Cluster 1: Almost retired

This segment comprises of an older group of people.

They earn less and spend less, and are probably saving up for retirement.

Recommendation: Marketing to these individuals can be done through Facebook, which appeals to an older demographic. Promote healthcare related products to people in this segment.

Cluster 2: The careless buyer

This segment is made up of a younger age group.

Individuals in this segment are most likely first jobbers. They make the least amount of money compared to all other segments.

However, they are very high spenders.

These are enthusiastic young individuals who enjoy living a good lifestyle, and tend to spend above their means.

Recommendation: Since these are young individuals who spend a lot, providing them with travel coupons or hotel discounts might be a good idea. Providing them with discounts off top clothing and makeup brands would also work well for this segment.

Cluster 3: Highly affluent individuals

This segment is made up of middle-aged individuals.

These are individuals who have worked hard to build up a significant amount of wealth.

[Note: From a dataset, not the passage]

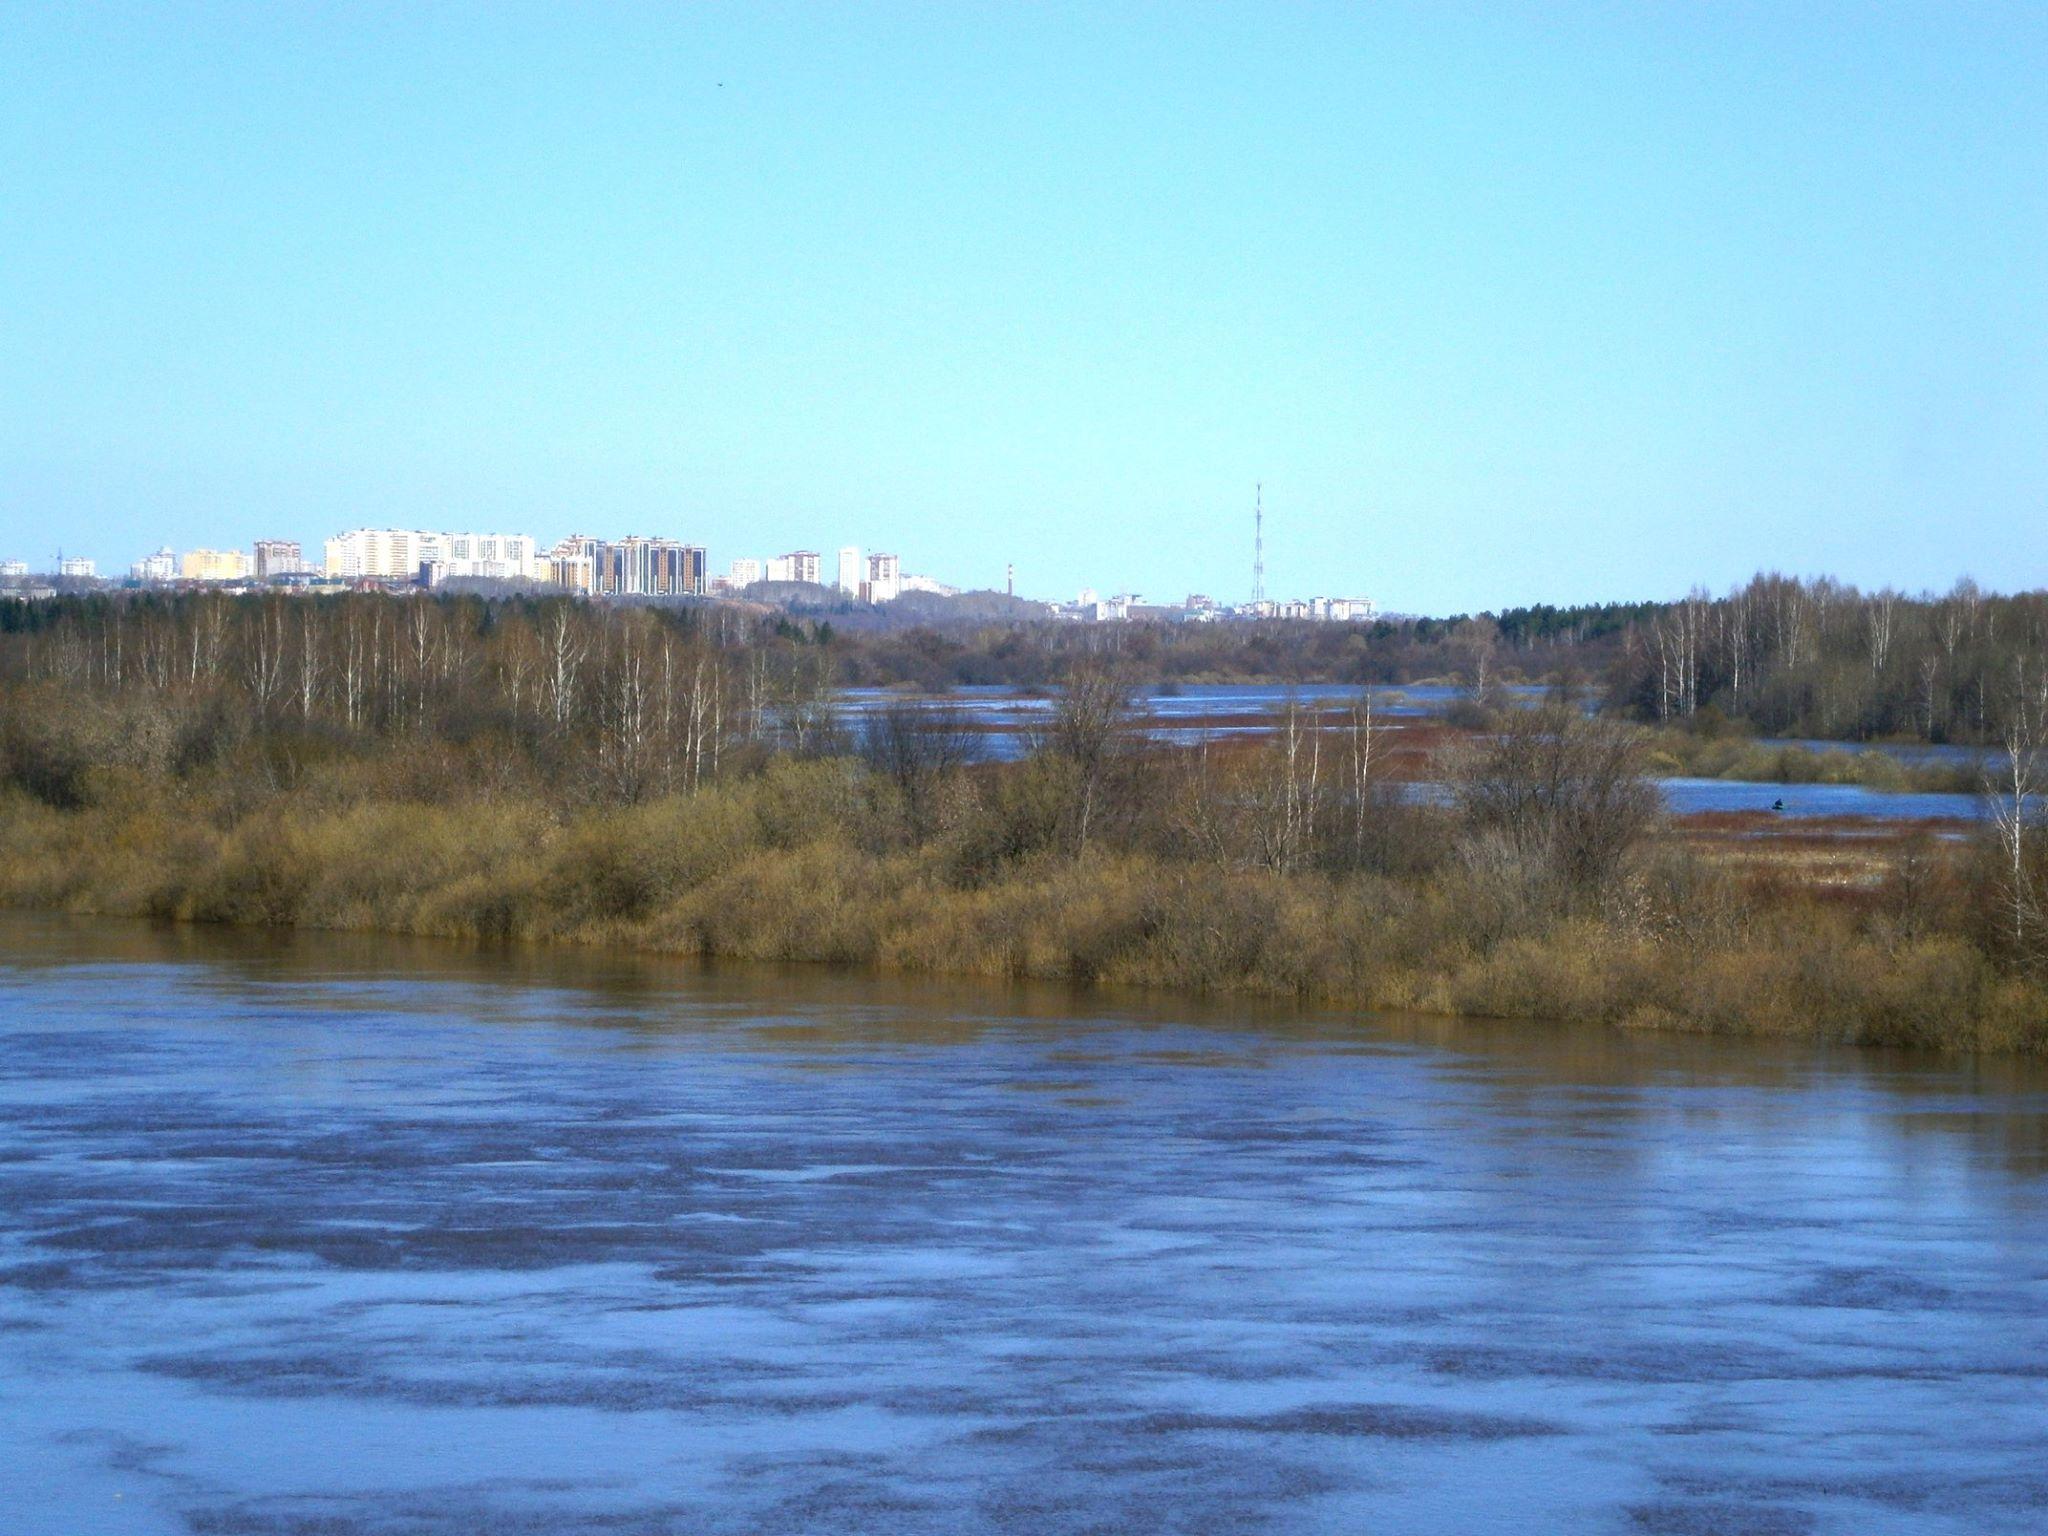 Уровень воды в реке Вятке в черте Кирова поднялся до отметки  463 см от нулевого поста.

They also spend large amounts of money to live a good lifestyle.

These individuals have likely just started a family, and are leading baby or family-focused lifestyles. It is a good idea to promote baby or child related products to these individuals.

Recommendation: Due to their large spending capacity and their demographic, these individuals are likely to be looking for properties to buy or invest in. They are also more likely than all other segments to take out housing loans and make serious financial commitments.

Conclusion

We have successfully built a K-Means clustering model for customer segmentation. We also explored cluster interpretation, and analyzed the behaviour of individuals in each cluster.

Finally, we took a look at some business recommendations that could be provided based on the attributes of each individual in the cluster.

You can use the analysis above as starter code for any clustering or segmentation project in the future.